▶ **What the task asks**
Without its pictures, the listing below is to be transcribed exactly.

▶ **Collected data**
==*==

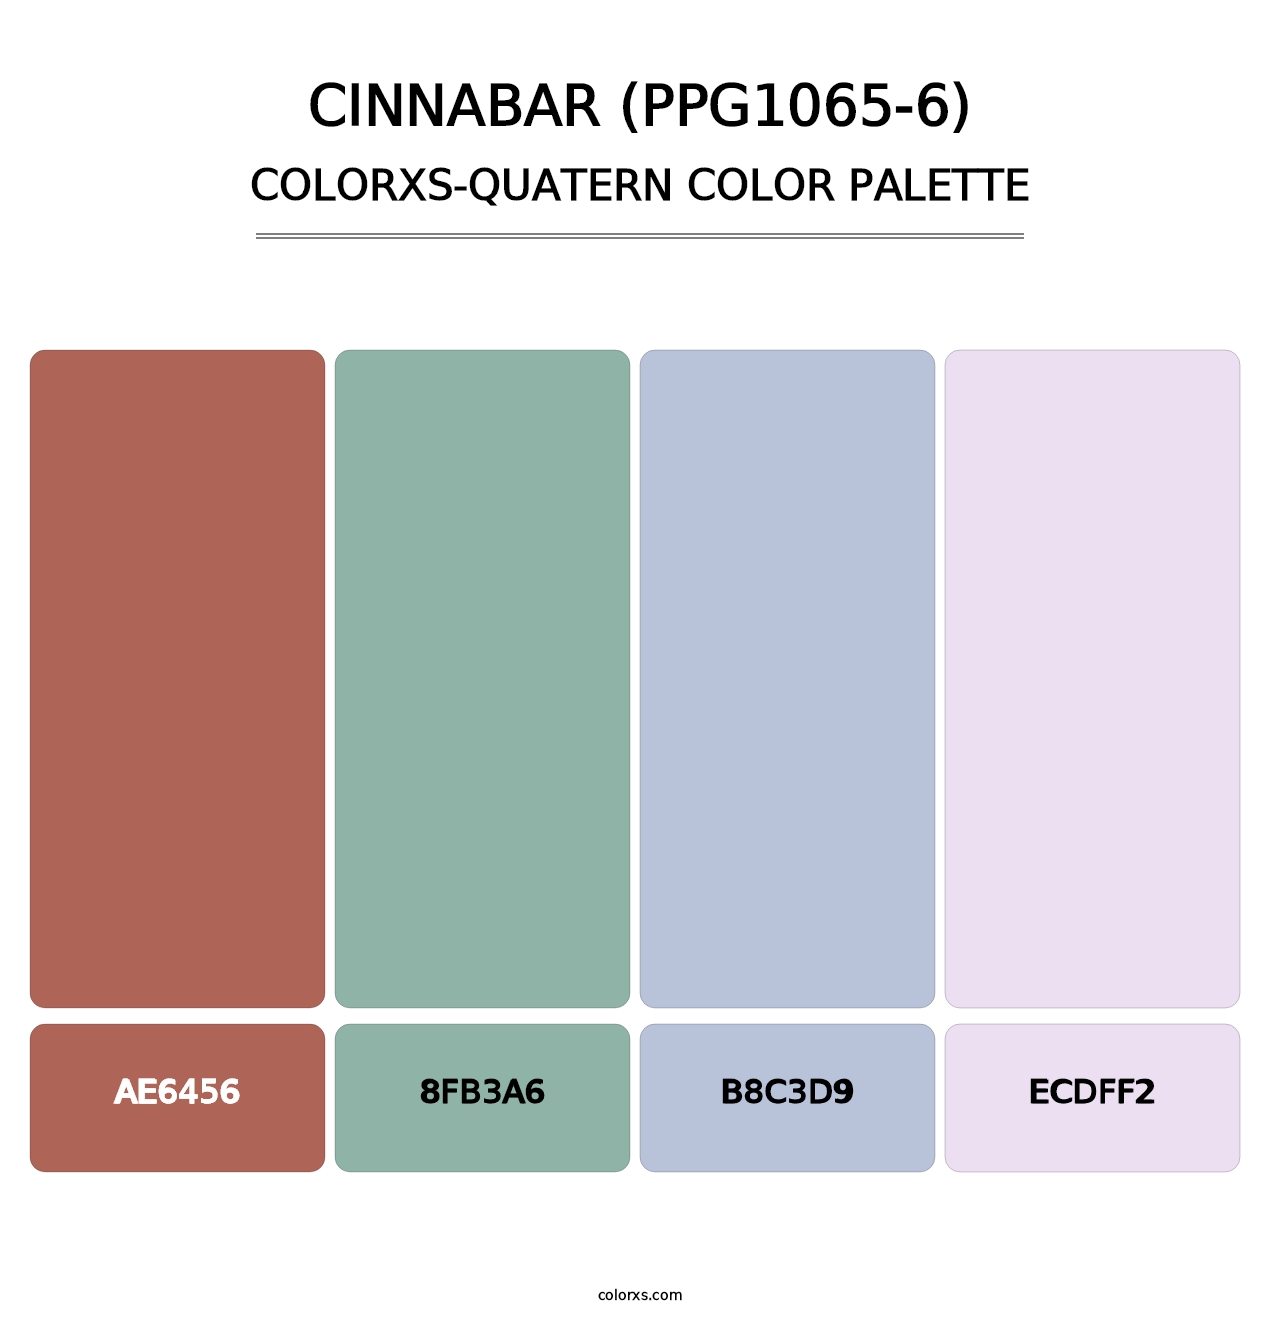 Cinnabar (PPG1065-6) - Colorxs Quatern Palette
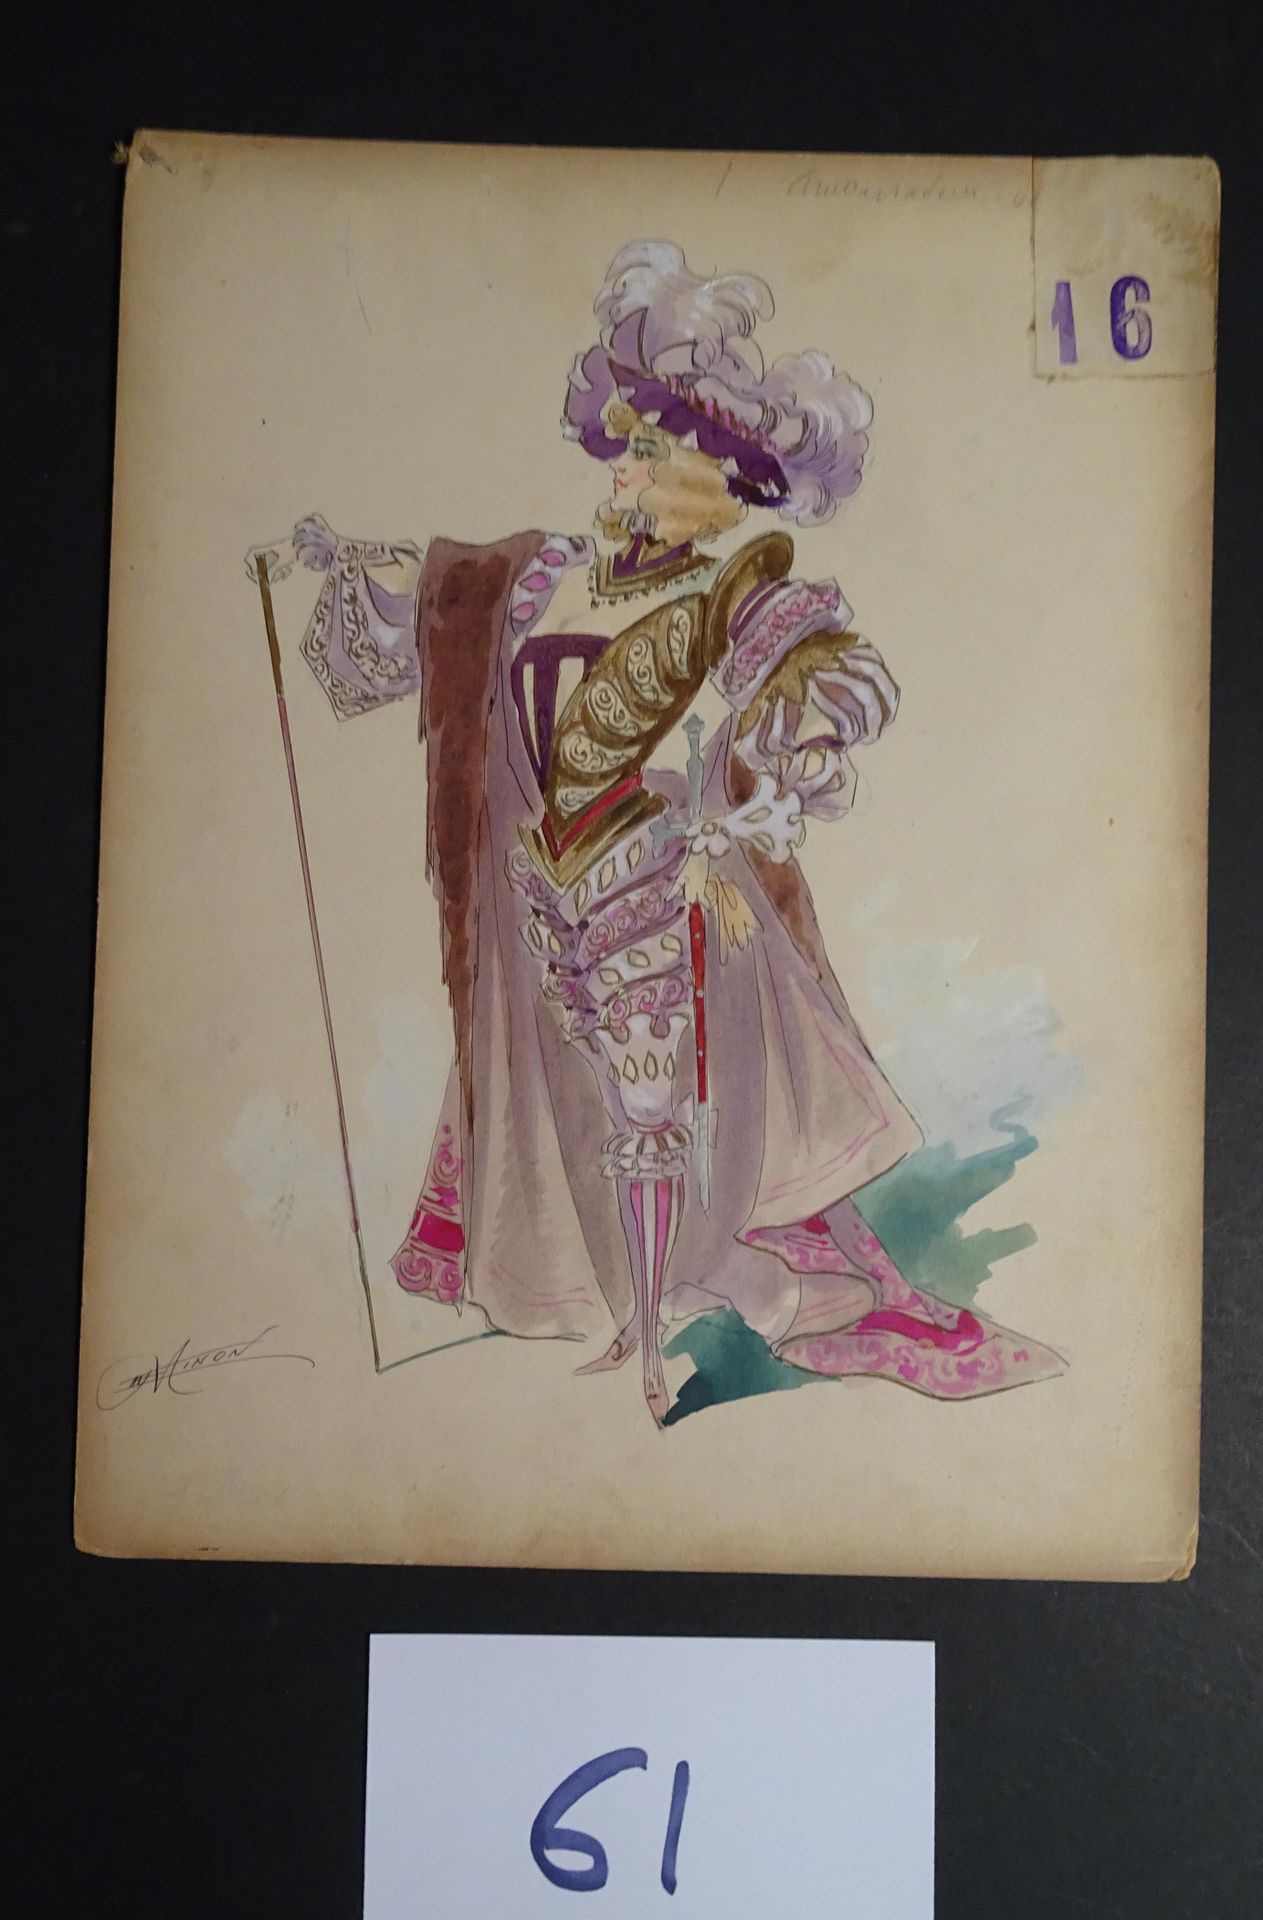 MINON 铭恩公司

"大使"，约1880年。为一本杂志制作的服装模型。水彩水粉，印度墨水，已签名。32 x 25厘米。

==*==

▶ **Answer for the task**
 Cinnabar (PPG1065-6) - Colorxs Quatern Palette
 MINON 铭恩公司

"大使"，约1880年。为一本杂志制作的服装模型。水彩水粉，印度墨水，已签名。32 x 25厘米。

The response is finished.